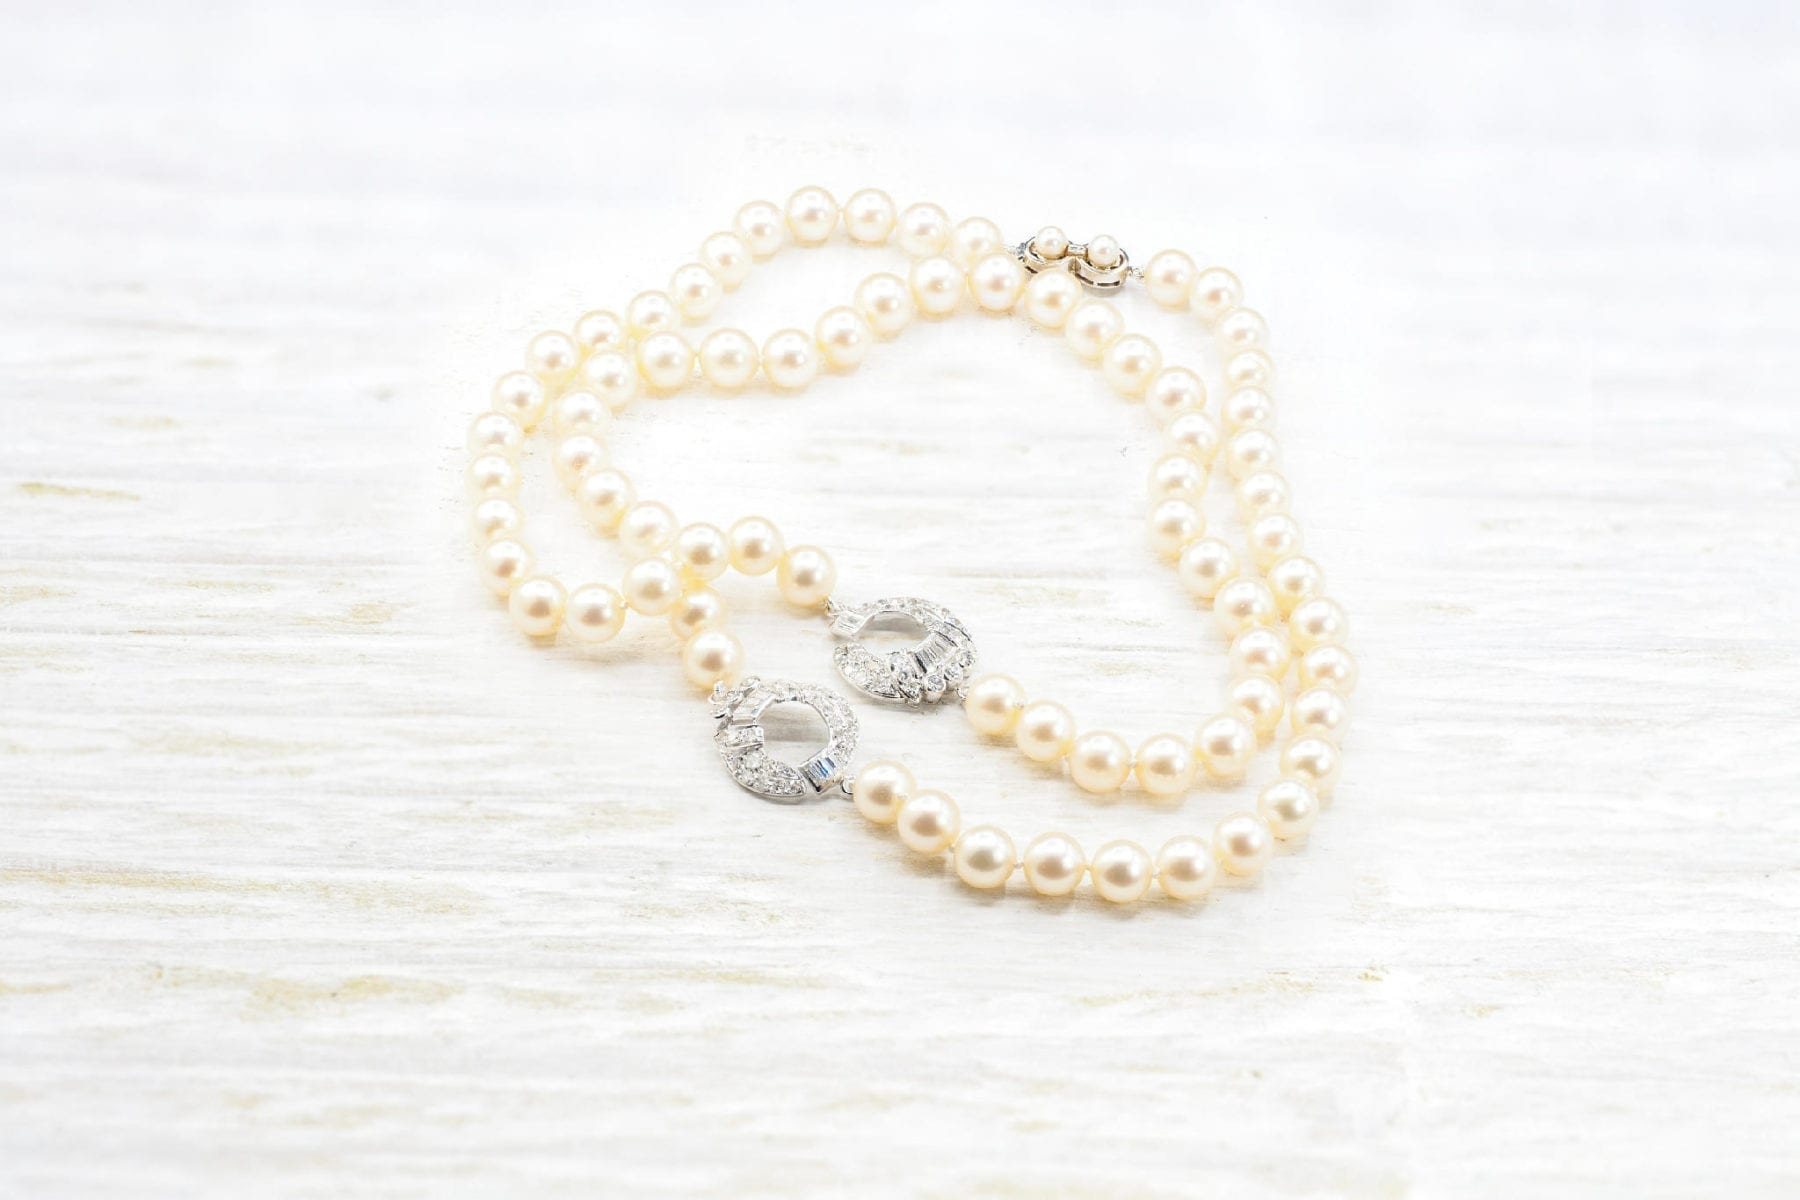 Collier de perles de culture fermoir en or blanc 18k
* * *
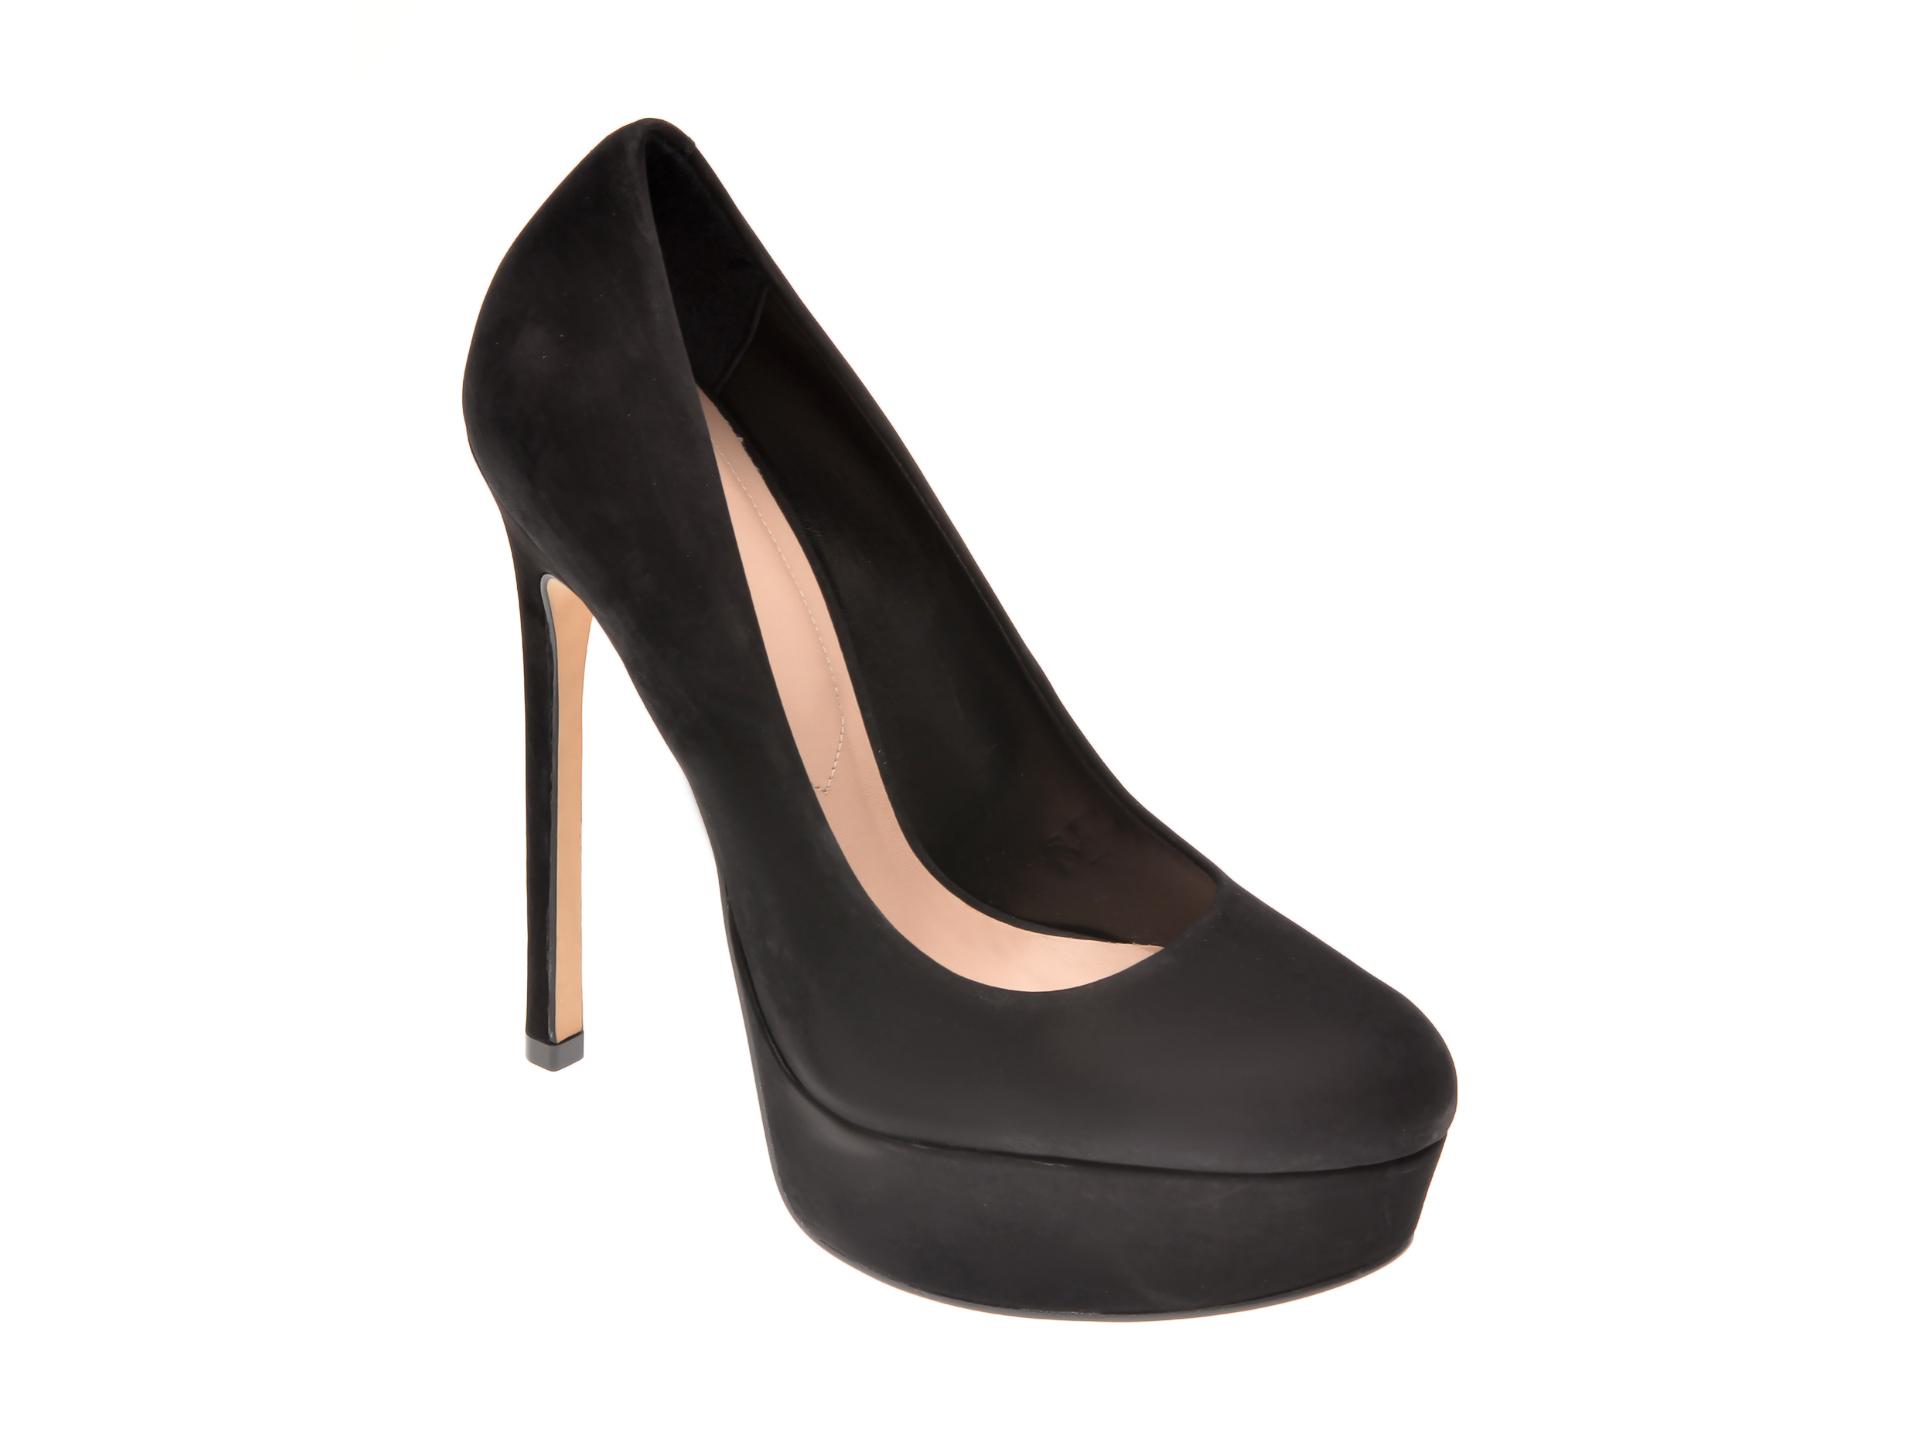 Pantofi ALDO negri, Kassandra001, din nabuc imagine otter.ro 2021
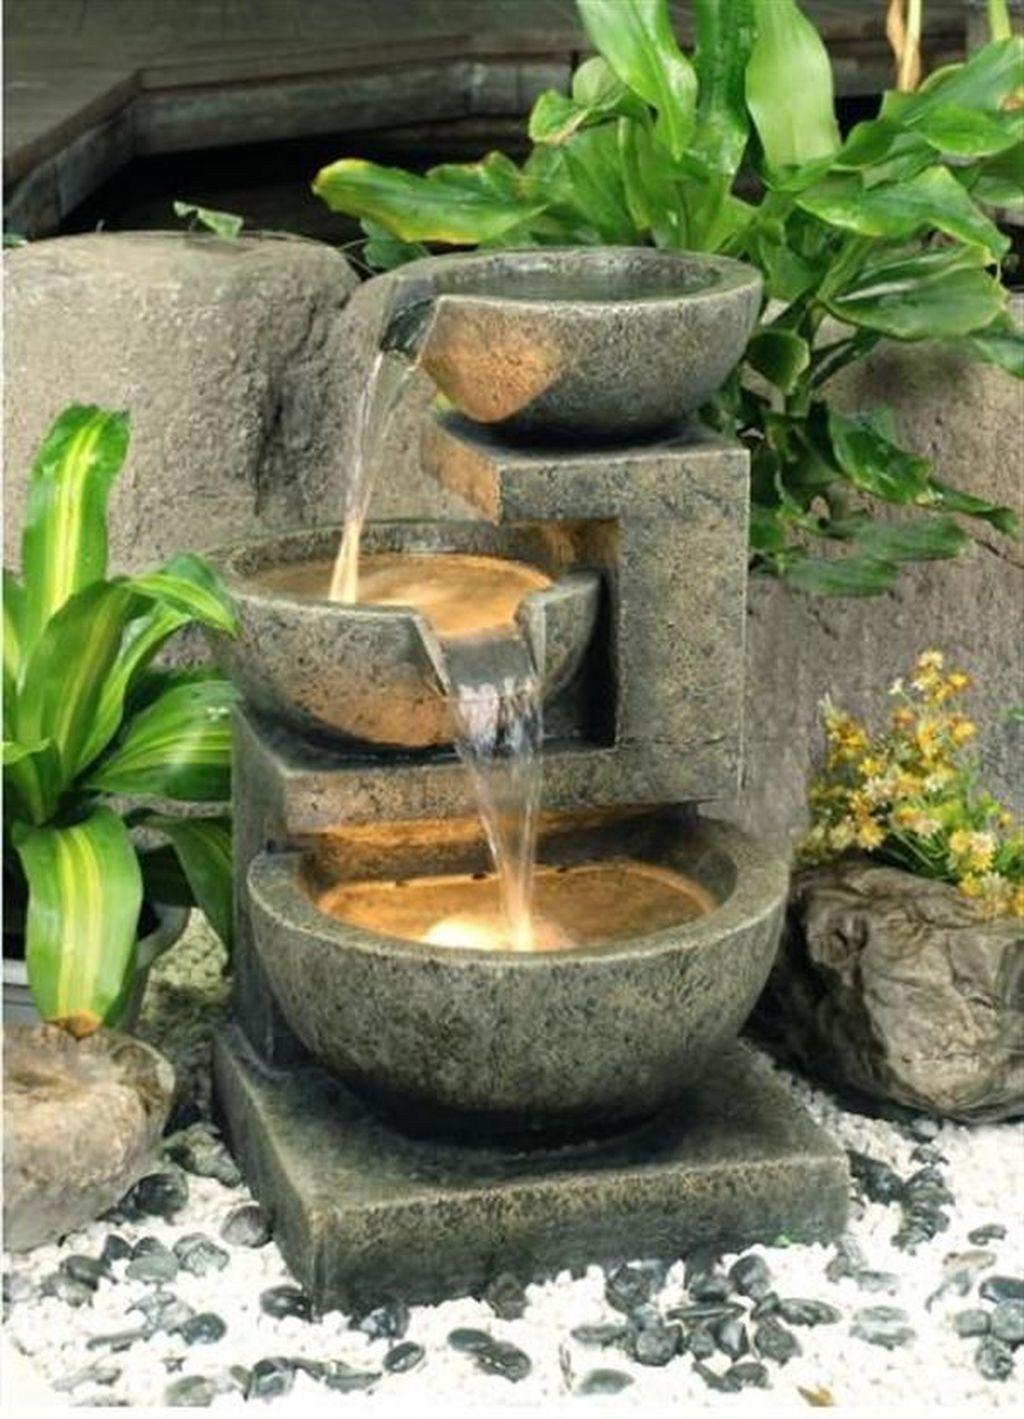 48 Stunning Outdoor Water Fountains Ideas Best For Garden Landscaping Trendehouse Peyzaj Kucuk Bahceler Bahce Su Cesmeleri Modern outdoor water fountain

▸ Your instructions
Retype only the lines above from the one with "Pantofi ALDO negri, Kassandra001, din" through the one with "48 Stunning Outdoor", exactly and with both ends. Images stay out.

▸ Answer to this exercise
 Pantofi ALDO negri, Kassandra001, din nabuc imagine otter.ro 2021
 48 Stunning Outdoor Water Fountains Ideas Best For Garden Landscaping Trendehouse Peyzaj Kucuk Bahceler Bahce Su Cesmeleri Modern outdoor water fountain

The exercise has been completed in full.